Fedrigo Olivier, Naylor Gavin
Department of Ecology, Evolution and Organismal Biology, Iowa State University, Ames, IA 50011, USA.
Nucleic Acids Res. 2004 Feb 18;32(3):1208-13. doi: 10.1093/nar/gkh210. Print 2004.
Sequencing by hybridization (SBH) approaches to DNA sequencing face two conflicting constraints. First, in order to ensure that the target DNA binds reliably, the oligonucleotide probes that are attached to the chip array must be >15 bp in length. Secondly, the total number of possible 15 bp oligonucleotides is too large (>4(15)) to fit on a chip with current technology. To circumvent the conflict between these two opposing constraints, we present a novel gene-specific DNA chip design. Our design is based on the idea that not all conceivable oligonucleotides need to be placed on a chip--only those that capture sequence combinations occurring in nature. Our approach uses a training set of aligned sequences that code for the gene in question. We compute the minimum number of oligonucleotides (generally 15-30 bp in length) that need to be placed on a DNA chip to capture the variation implied by the training set using a graph search algorithm. We tested the approach in silico using cytochrome-b sequences. Results indicate that on average, 98% of the sequence of an unknown target can be determined using the approach.
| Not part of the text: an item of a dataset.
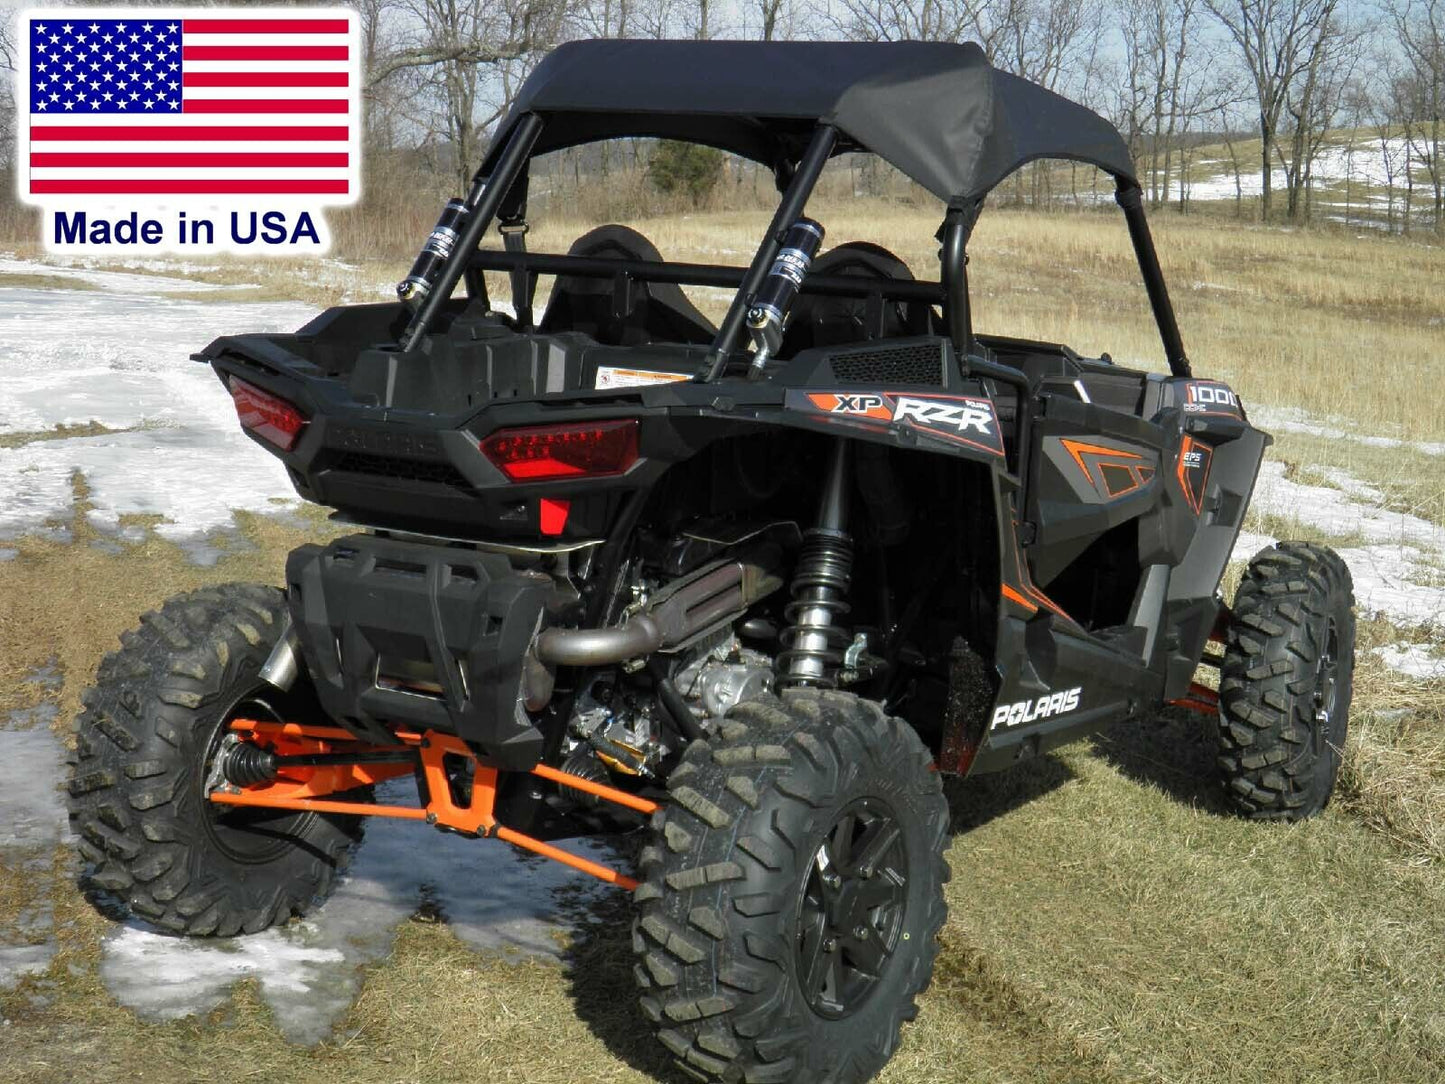 ROOF for Polaris RZR 1000 - Soft Material - Top - Withstands Highway Speeds

基于杂交的DNA测序方法面临两个相互冲突的限制。首先,为确保目标DNA可靠结合,附着在芯片阵列上的寡核苷酸探针长度必须大于15个碱基对。其次,15个碱基对的寡核苷酸的总数太大(>4^15),无法用当前技术集成在芯片上。为了规避这两个相反限制之间的冲突,我们提出了一种新颖的基因特异性DNA芯片设计。我们的设计基于这样一个理念:并非所有可能的寡核苷酸都需要放置在芯片上,只需那些能够捕获自然界中出现的序列组合的寡核苷酸。我们的方法使用一组比对好的、编码目标基因的序列作为训练集。我们使用图搜索算法计算出需要放置在DNA芯片上的寡核苷酸的最小数量(通常长度为15 - 30个碱基对),以捕获训练集中所隐含的变异。我们使用细胞色素b序列在计算机上对该方法进行了测试。结果表明,平均而言,使用该方法可以确定未知目标序列的98%。